John: That’s when he burns all his bridges,
Lisa: What you’re describing is the life of the average writer.
John: Yeah. But I think it’s taken up to like—
Lisa: Eleven. Poe always takes it to eleven. But Poe always thinks that like everybody hates him. I’m going to go to this other city. I’m going to try this other genre. I’m going to give these lectures about scientific topics to try and weasel my way into this other arena of publishing.
John: Not just weasel my way in, but to put myself above it. Yes. I’m going to be beyond it all. No other literary figure could do what I’ve done. I’ve done a complete cosmology: an astronomical, philosophical account of the origin of the universe. I’ve blown away my competition. I’ve blown away all the scientific competition. I understand intuitively the critique of the philosophy of science at the time. I know exactly how the universe works, what the beating heart of the universe is. And I’ve justified that leap into discovery with the same arguments that I’ve been using for what makes for good literature.
He moves into different genres, and into different audiences in order to get away from the ones he was in before and to be outside them. It’s always a one-upmanship. In “Eureka,” that last cosmological lecture, he’s taking on the literary establishment, and he’s taking on the scientific and philosophical establishment, but ultimately he’s taking on God.
Lisa: Yes.
John: Poe was oblivious sometimes: I won’t understand your motives. I won’t understand your plans. I won’t understand how you did it, just like Dupin in the detective stories. Poe says I can trace the clues and figure out exactly how you did it. Therefore, you didn’t outsmart me just like the criminals don’t outsmart Dupin. God does not outsmart Poe.
Lisa: As you say in the book, Poe is all about puzzles and games and puns and allusions. To read Poe in a scholarly way is to have a whole bunch of reference materials around you.
John: You have to be following behind him taking notes in order to figure out what he’s talking about and to figure out when he’s playing a game and what you should take straight.

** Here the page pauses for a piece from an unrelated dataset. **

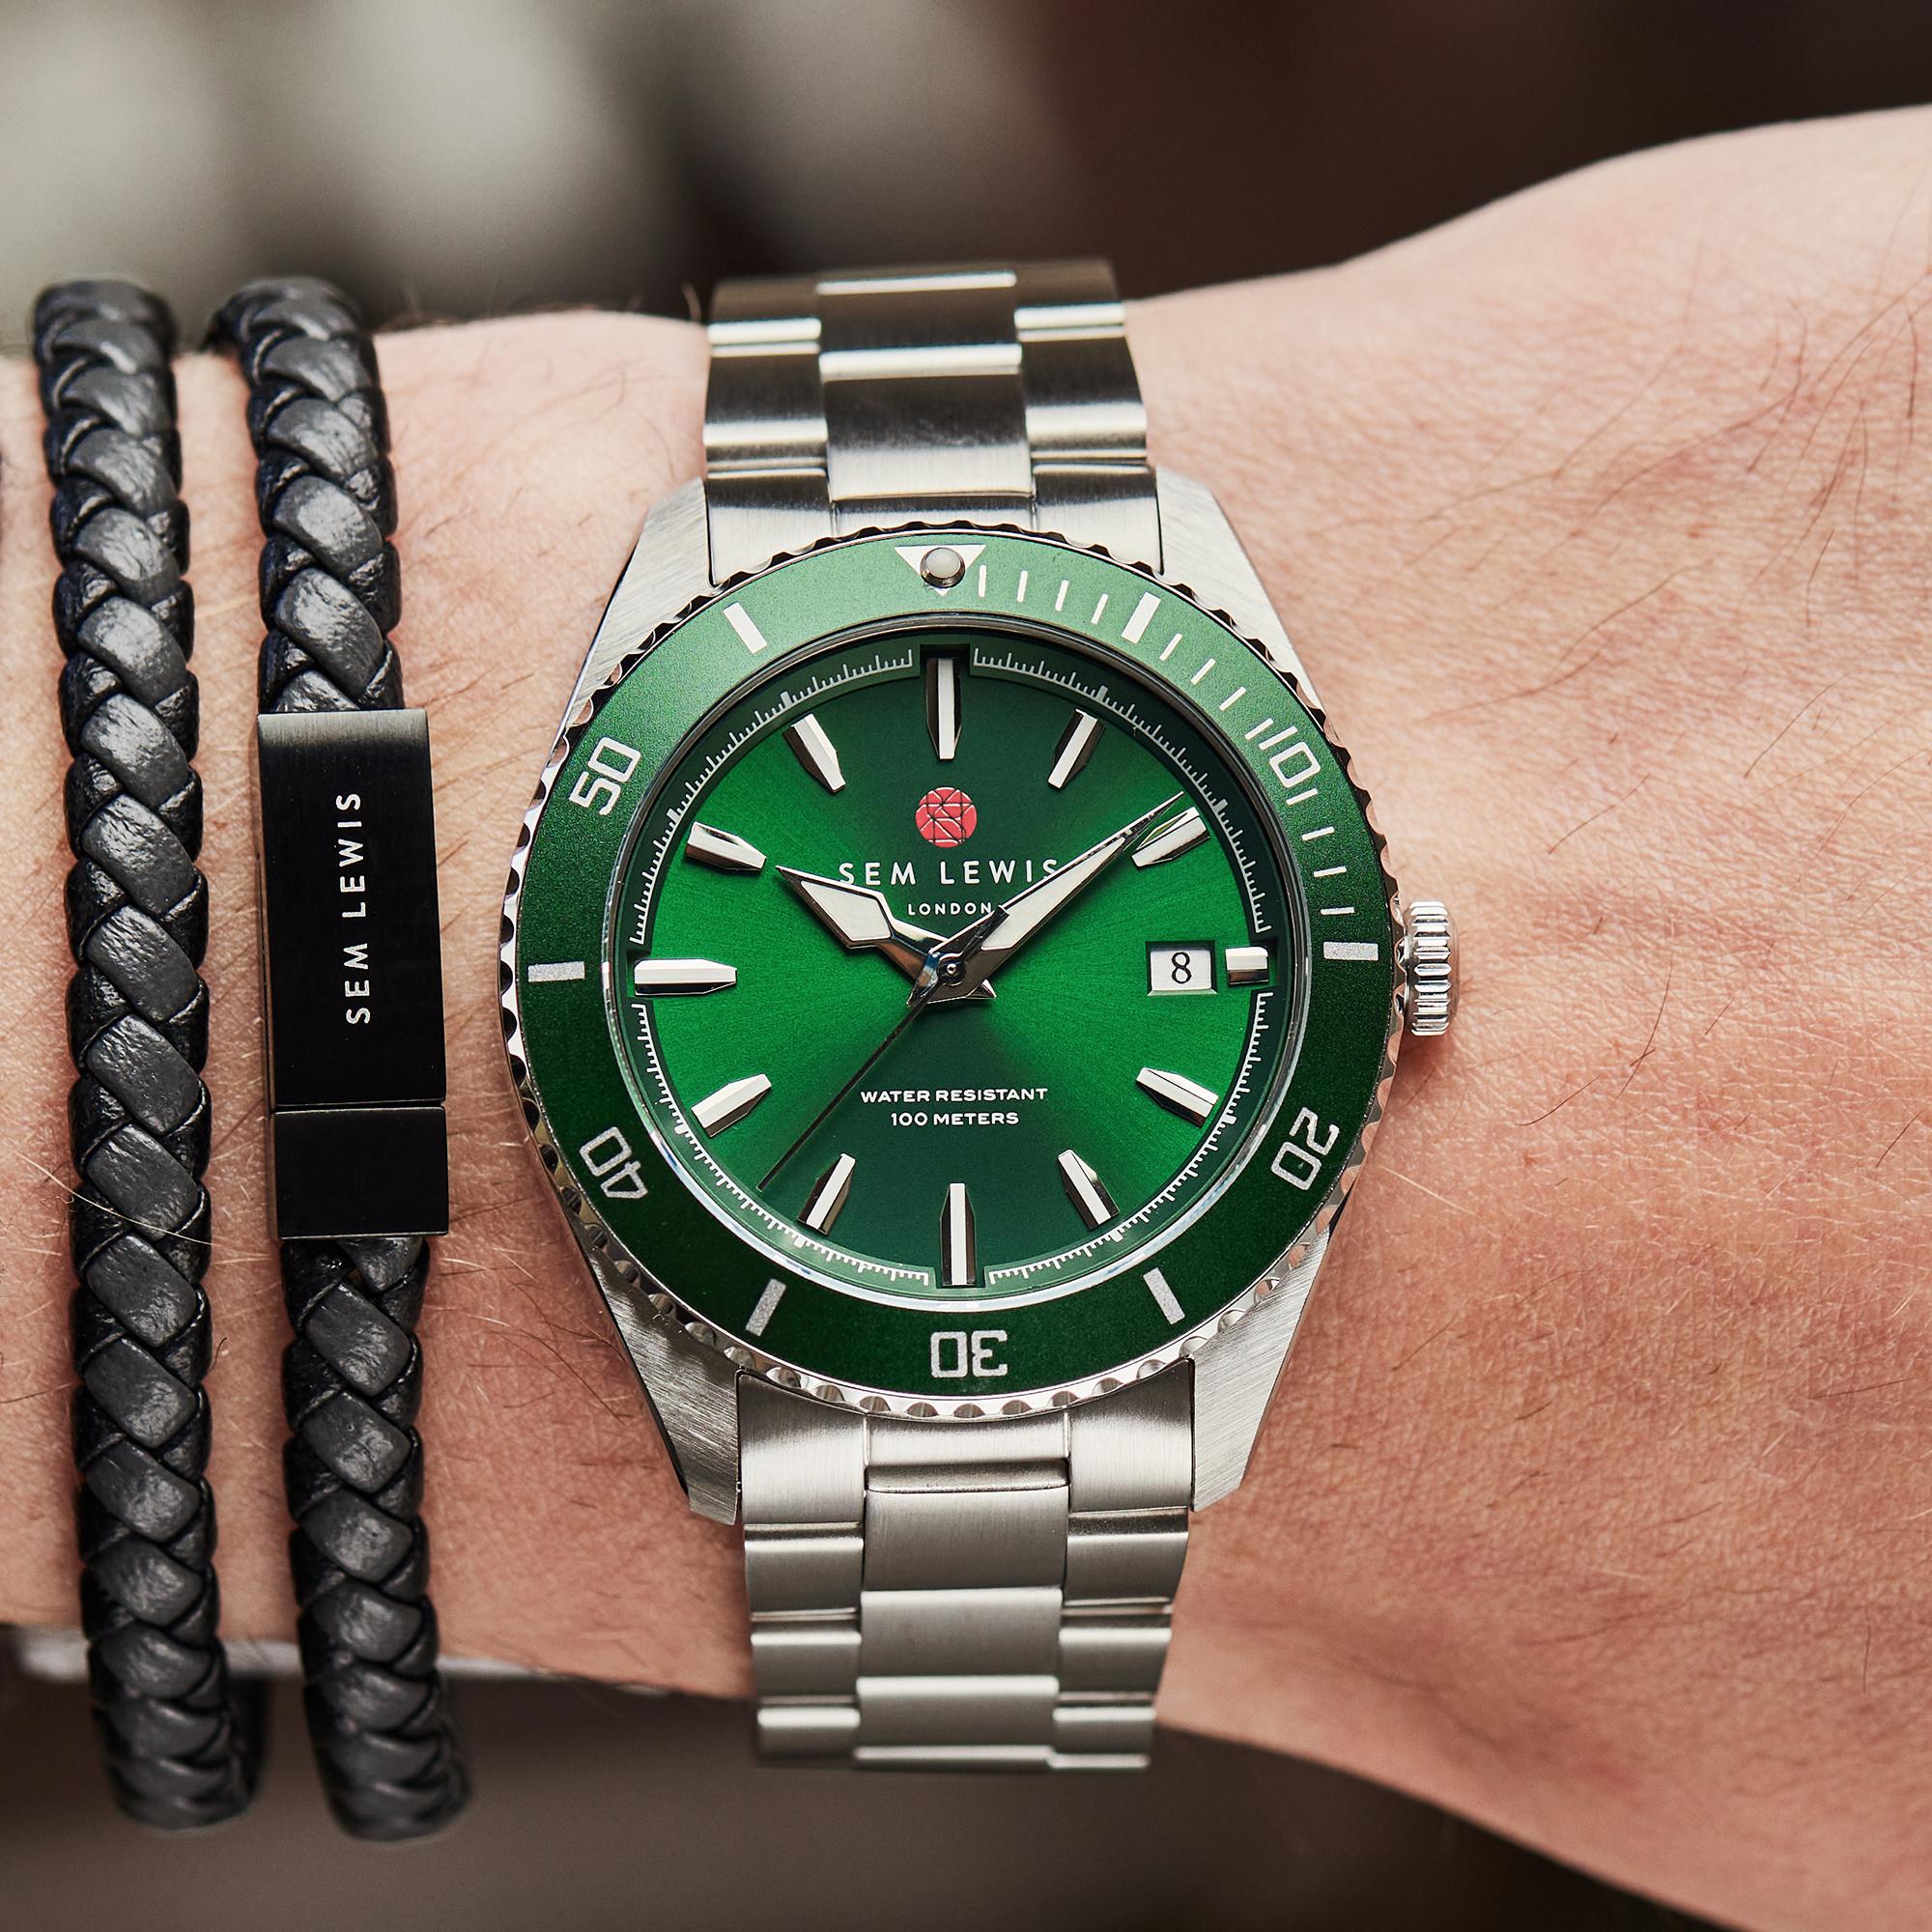 Sem Lewis Lundy Island Diver klocka silverfärgad och grön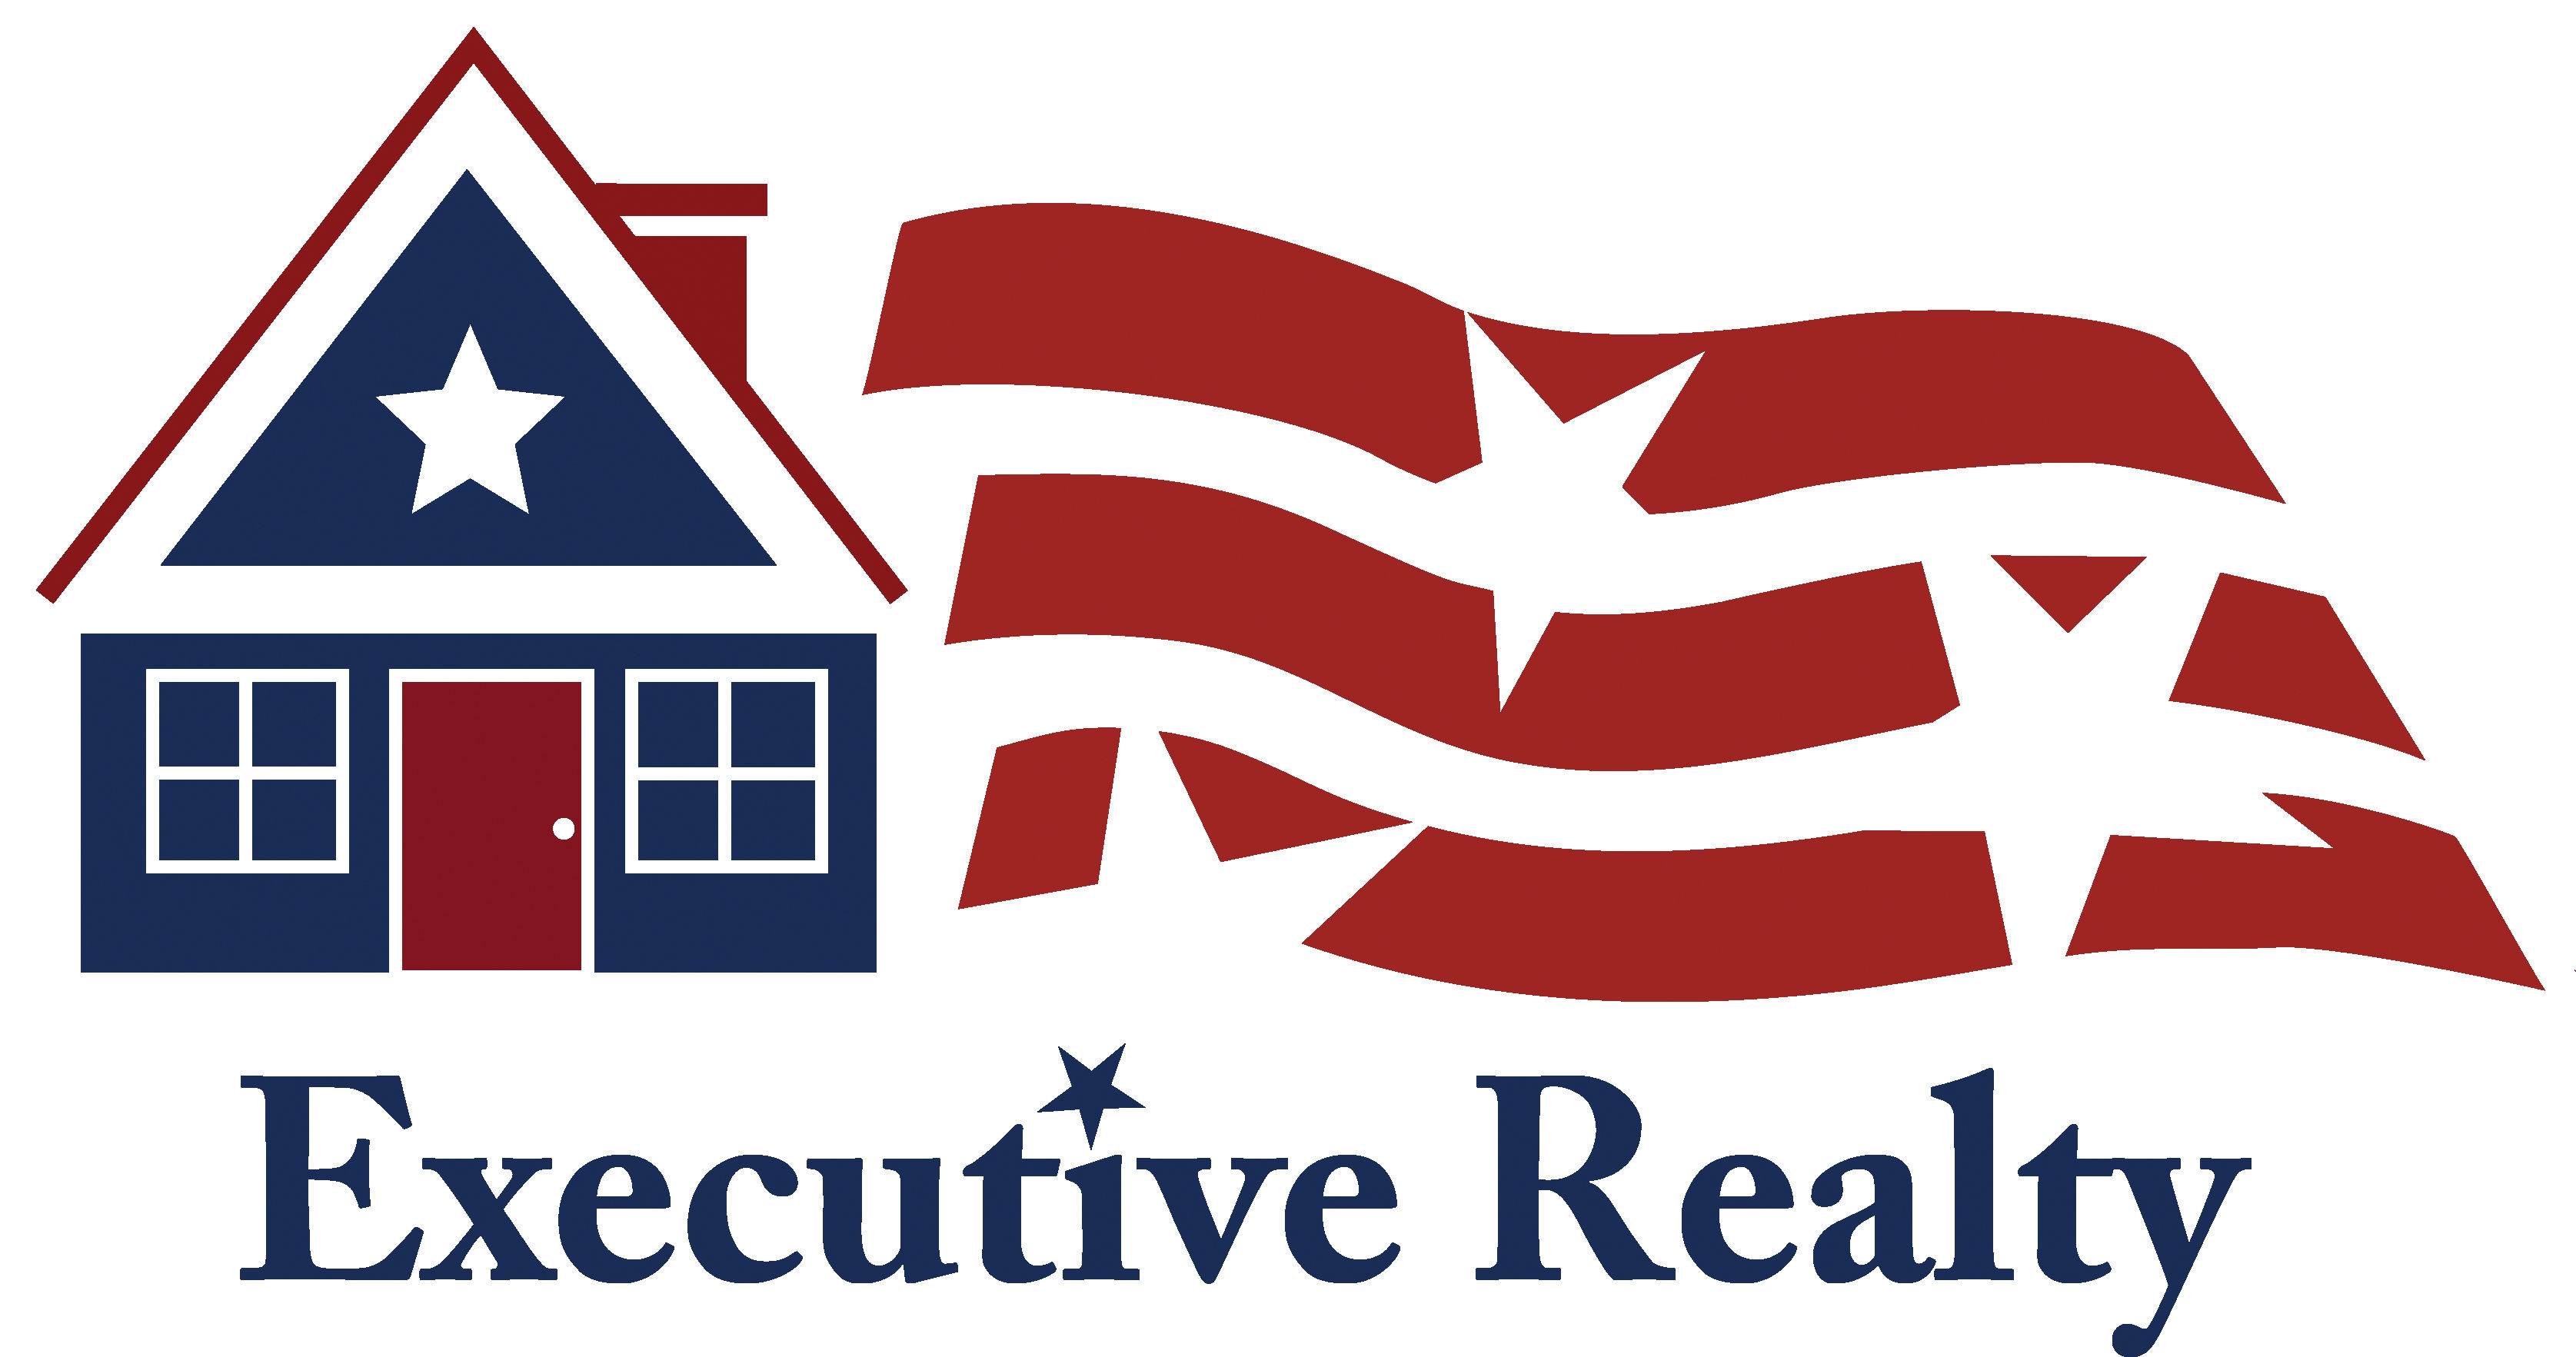 Executive Realty

Lisa: There’s a way in which his trickery made people really angry, not only people in his time but the people who end up codifying what American literature is in the early 20th century. The question that’s often asked is why is Poe left out. Why did we erase the history of the American literary bestseller? Because it was mainly women’s fiction. By disregarding popular authors, it’s trying to codify itself as transcendent. There’s a real seriousness about art and Poe is actually a very serious artist for all of his trickery. What he wants more than anything is respect.
John: That’s true. I think that combination of real seriousness—like here are my principles of criticism and literary evaluation, which are connected to the seriousness of the modern scientific revolution. There are huge new discoveries being made. And he speaks that language. He speaks with that authority of scientific certainty. That’s a big part of what I wanted to show. He makes his claim to literary acuity as he speaks like a scientist. He’s definitely serious about it, but he then makes use of that seriousness in popular literature and then invents these new genres, right? Which are hard. You don’t know how to make sense of them. There’s no name for science fiction.
There’s no name for detective fiction yet. He invents new genres. It’s always about selling, about getting a readership and attracting readers who don’t appreciate the formal qualities of the work. The thing that I think drove American critics nuts about Poe was not only that he sold much more than the authors that they venerated as proper literature. But then he had this huge following among the people who were looked at as real authorities for literary taste in Europe. This is modern literature because it’s experimental, because it’s psychologically acute, because it’s not afraid of frightening subjects. It’s not afraid of the perversity of the human mind. It’s not afraid of the unconscious. It puts it all right there on the page. And in that lurid myth, in those shocking images, that’s where the field of experimentation for future literature lives. Americans took a very long time to get with that.